I had spent the last couple of days before my flight home back in Barcelona, where I had met Laia’s mother and heard stories about her great-grandmother, Maria, and the time when she had known Grandfather. It was the best holiday I had ever had, and I was thrilled when Laia texted me and said her mother had suggested I come for Christmas. She proposed that I spend Christmas in Barcelona and then we could go down to Seville to visit her father. I thought about it for all of five or ten seconds before I was online looking for cheap flights. I still had the thousand dollars I had saved to travel to Europe this summer, a couple of hundred from a few weeks’ work and almost another thousand from the money Grandfather had left me.

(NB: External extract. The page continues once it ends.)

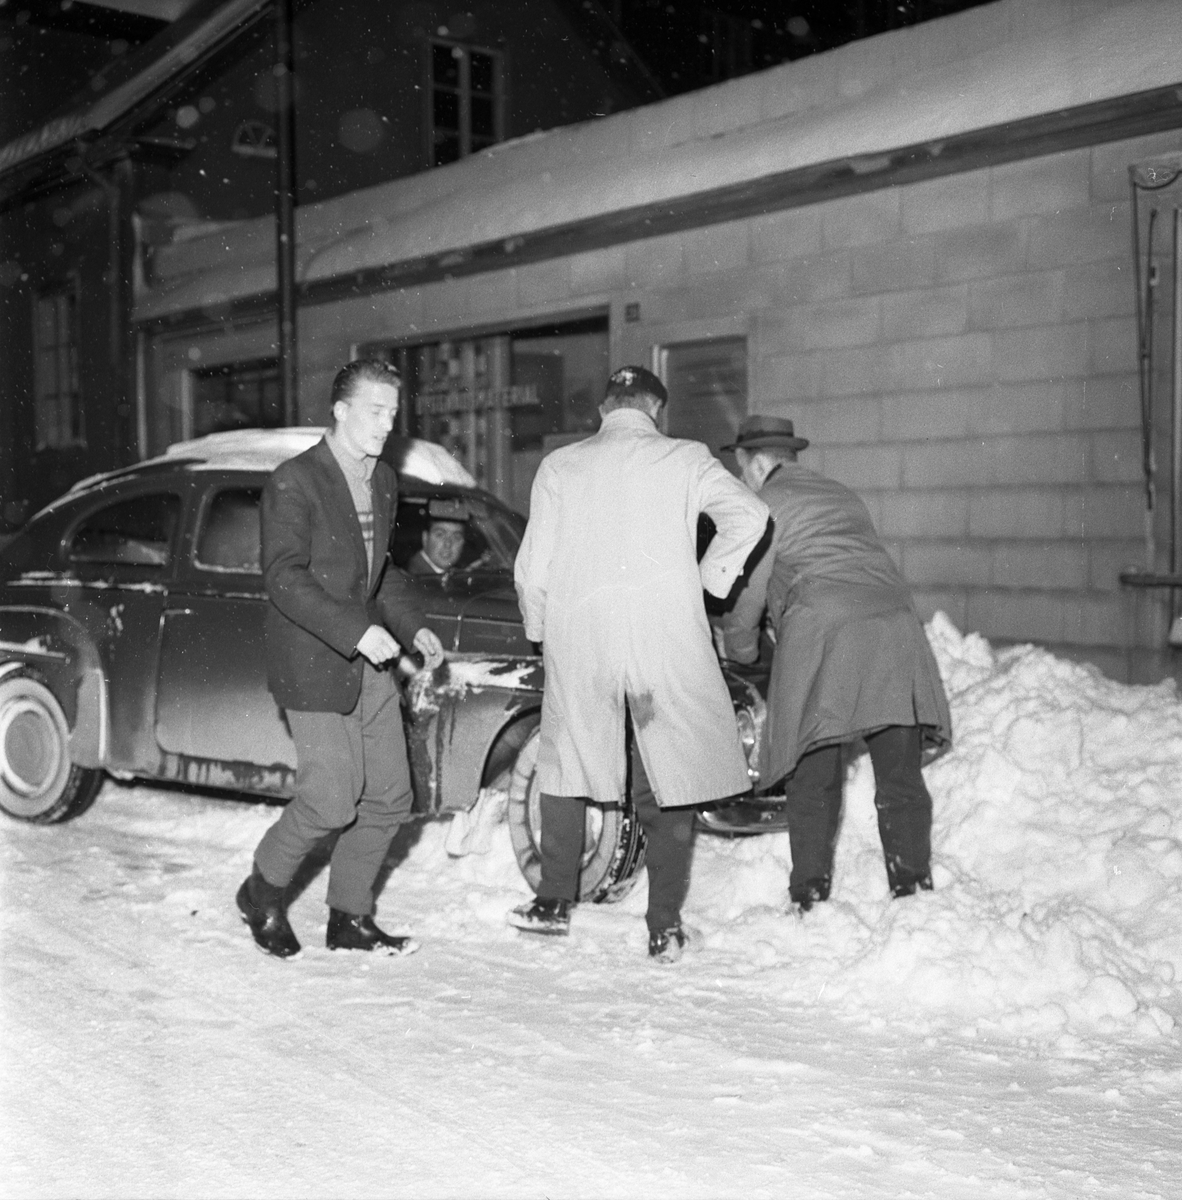 "Än slank han dit, än slank han ner i diket". Fullt så lilla gick det nu inte för bildens bilist och hjälp fick han dessutom. Men han var en av många som fick problem när Linköping drabbades av snöstorm vintern 1960.

“Investment banking’s very interesting.” I glanced at the guy beside me, who was still talking. Apparently, nothing he said required a response from me. I guessed he was in his fifties or sixties, but it was hard to tell, and he certainly talked as if he were much younger. He could also probably afford the best in skin care. Even jammed into a tourist seat on a cramped plane, he still looked like he’d stepped out of a magazine ad—not a crease in his suit or a hair out of place and a toothy smile that almost blinded me. His suit probably cost as much as I was paying for this flight. I wondered why, if he was so successful, he wasn’t traveling in business class.

My mind began to wander. Maybe this guy wasn’t into hedges or whatever. Maybe his perfect looks were a cover. Perhaps he worked for the CIA or MI6 or the Russian secret service, whatever it was called these days. What better fake identity than someone who was completely self-involved and unbearably boring? No one would suspect he was really a superspy—a James Bond out to save the world from international terrorists.

I smiled at my meandering thoughts. My companion misread it. “So you see what opportunities there are for someone like yourself to get in on the ground floor of this business. I could put some good deals your way. No pressure.” He handed me a crisp embossed business card. “Name’s Chad.”

“Uh, thanks,” I said, stuffing the card into my pants pocket. “I’ll think about it.”

“Just give me a call when you make up your mind. Cell phone’s always on. Spending all your holiday in Barcelona?”

“At first. I’m meeting a friend there and then going down to Seville after Christmas,” I said, feeling strangely uncomfortable giving this guy any information about myself. “How about you?” I added before he could ask another question. “You staying in Barcelona?”

“I travel all over,” he said vaguely. “Barcelona, Madrid, Seville, Granada this trip. You know what business is like.”

I didn’t, but I nodded as the plane touched down. “What kind of business do you do over Christmas?” I asked.

“This and that. Import/export. I’ll be doing a bit of real-estate work this trip. The markets never sleep. Seville’s a great town. You been there before?” I shook my head. “You going to the beach as well?” I shrugged, although Laia and I were planning on a few days at the coast. “Plenty of nice beaches along the south coast. Good places to pick up girls.” Chad winked broadly at me. He must have caught my expression because he hurriedly added, “Or maybe the friend you’re meeting in Barcelona is your girlfriend?” I nodded again. “Well,” Chad went on as we approached the terminal building, “the best of luck to you. And I mean it: give me a call.”

“Sure,” I said distractedly. I was looking out the window at the terminal building. Laia was waiting for me in there. This was going to be the best Christmas ever.